Paul Hoffman has written Erdos's life story but since the life of a mathematician on the face of it yields little material for an incident-packed biography he has also padded the book out with some simple mathematical theory, some entertaining anecdotes and a few diversions into the life stories of other mathematicians. It makes for quite a good mix. However if you check the reviews in Amazon there are several angry reviewers who condemn Hoffman for, basically it seems to me, his lightweight approach. I can only presume these reviewers were after a less accessible, more serious and more academic book. Fine if you're a maths graduate and that's what lights your fire.

It was a monkish life. Erdos had no interest in either sex or money. In fact he had little interest in anything that wasn't maths. Hoffman depicts Erdos doing maths day and night, sometimes alone but usually in excited collaboration with others, as work and as recreation, indoors, outdoors, scribbling theorems on whatever was at hand; paper, blackboards, table tops, napkins. It's a great story of a true eccentric genius.

It's also a view into another world, a world populated by hundreds of intelligent and creative people, not just Erdos, working feverishly and excitedly on numbers. Just numbers and maths. It's easy to understand the attraction - it's the purity of proof, absolute right or wrong answers, something that no other human pursuit provides us.

In later chapters Hoffman asks an interesting question - are these people, Erdos and other mathematicians, providing the real world with anything useful and usable, or are they simply engaged in a gigantic intellectual hobby? His answers are inconclusive. There are several stories of Erdos and his closest collaborators solving important problems to do with telephony. There's also a fascinating story of mathematicians providing an answer of a sorts to the "bin stocking" problem. This is the apparently simple issue of how to load objects of different sizes and weights into lorries (or warehouse bins or whatever) in the most efficient manner. This is a problem I have actually faced myself in designing software for industry and I had always assumed that there existed an algorithm or a formula which would duly deliver the ideal fit. I was amazed to learn that no such answer exists. In fact the reverse has been proved - that it is mathematically impossible to determine an ideal and that formulas can only provide a best-fit solution.

On the other hand, there are many examples where the problems which Erdos and others chewed over for months or years were of demonstrably no practical use to the rest of us. Prime numbers, exponents, the Fibonacci numbers, e (the natural logarithm) and pi ... these have invaluable properties and are of immense interest to the natural world but mathematicians are truly obsessed by them, above and beyond their practical usefulness.
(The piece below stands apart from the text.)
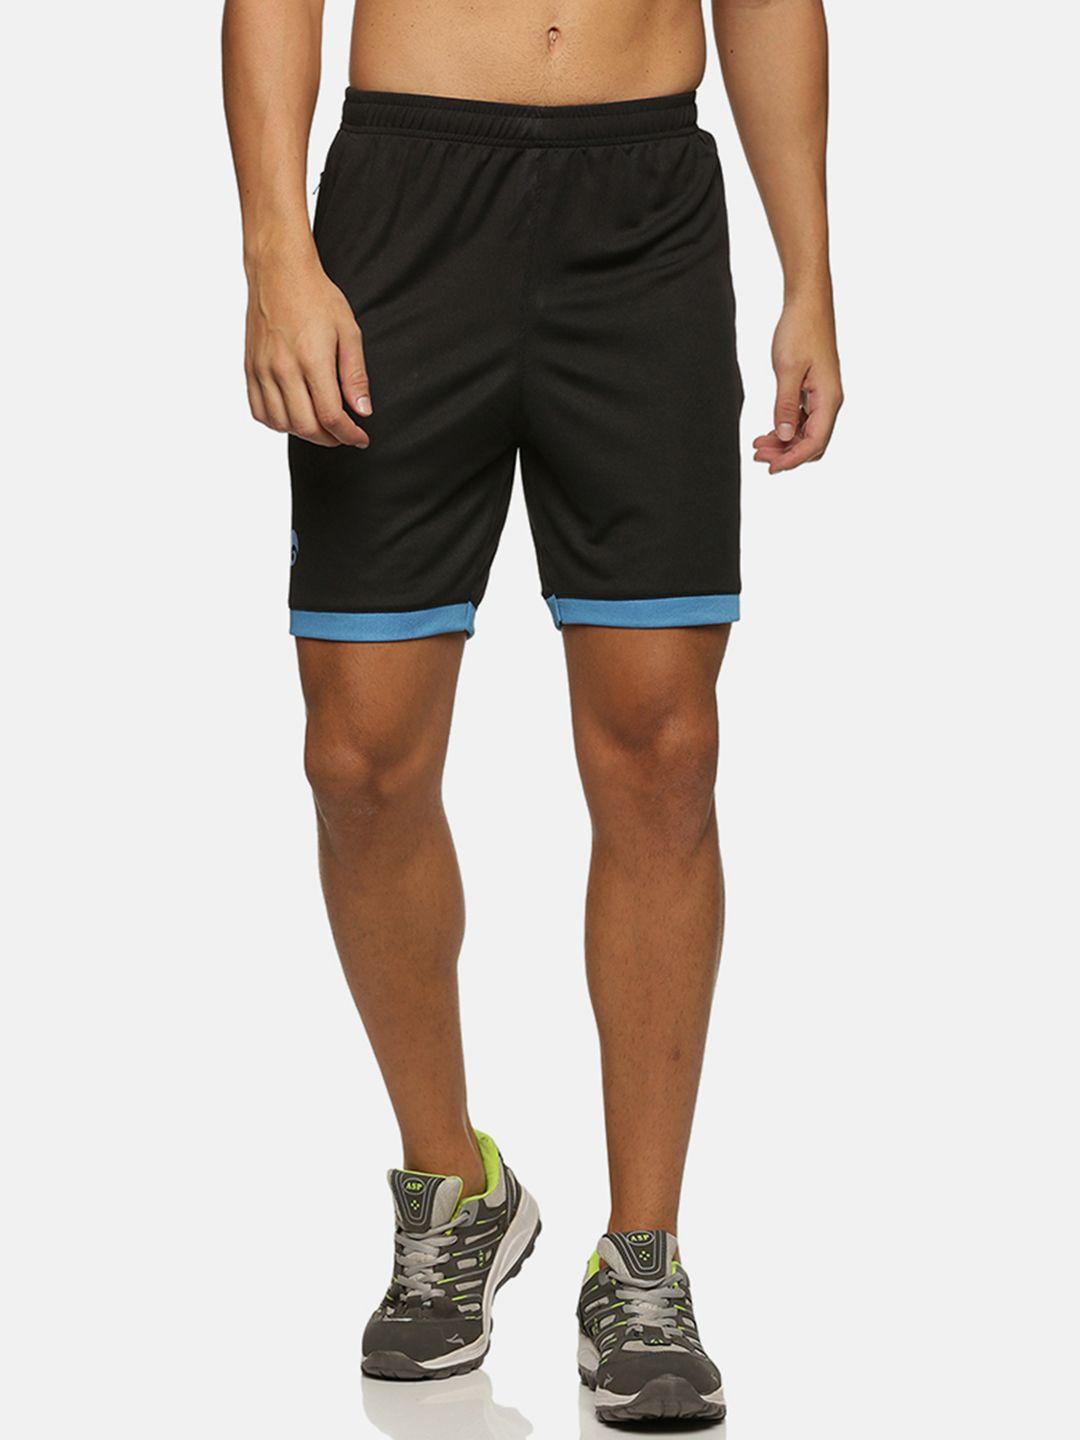 omtex men cotton training sports shorts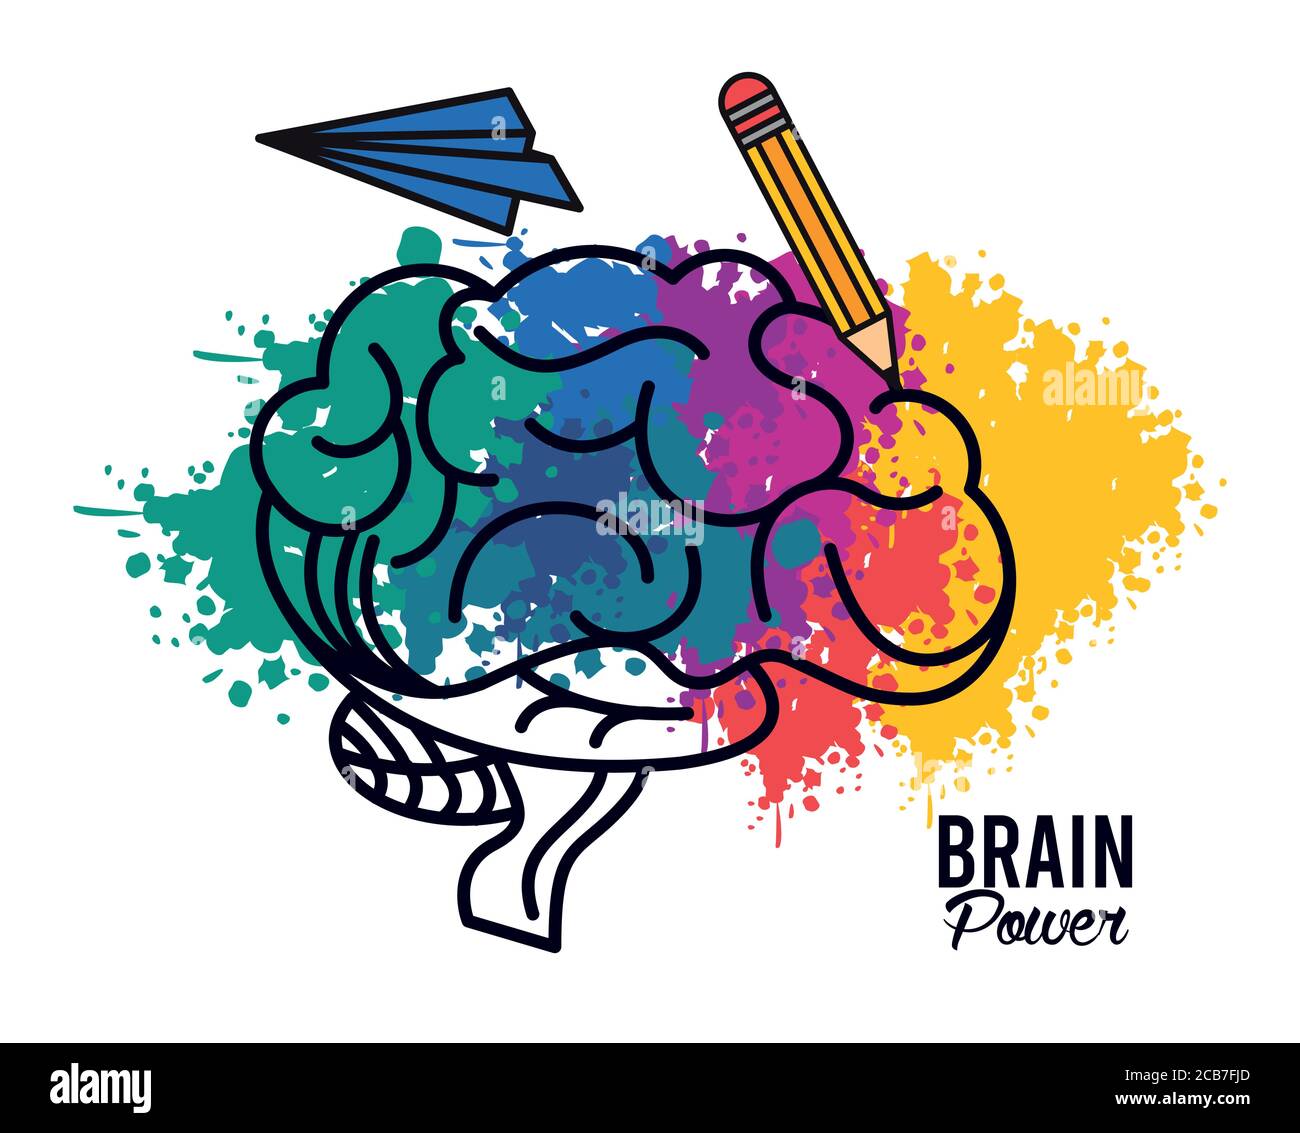 Brain Poster Ideas

It's always nice to end a maths related review with a staggering fact: pi has been calculated to more than 50 billion decimal places. Sounds like an esoteric exercise but, hey, knowing pi to millions of decimal places is potentially useful in engineering, huh? However, according to Hoffman, in order to compute "the circumference of a circle girdling the known universe with an error no greater than the radius of a hydrogen atom" pi's value needs to be computed to ... just 39 decimal places. Wow.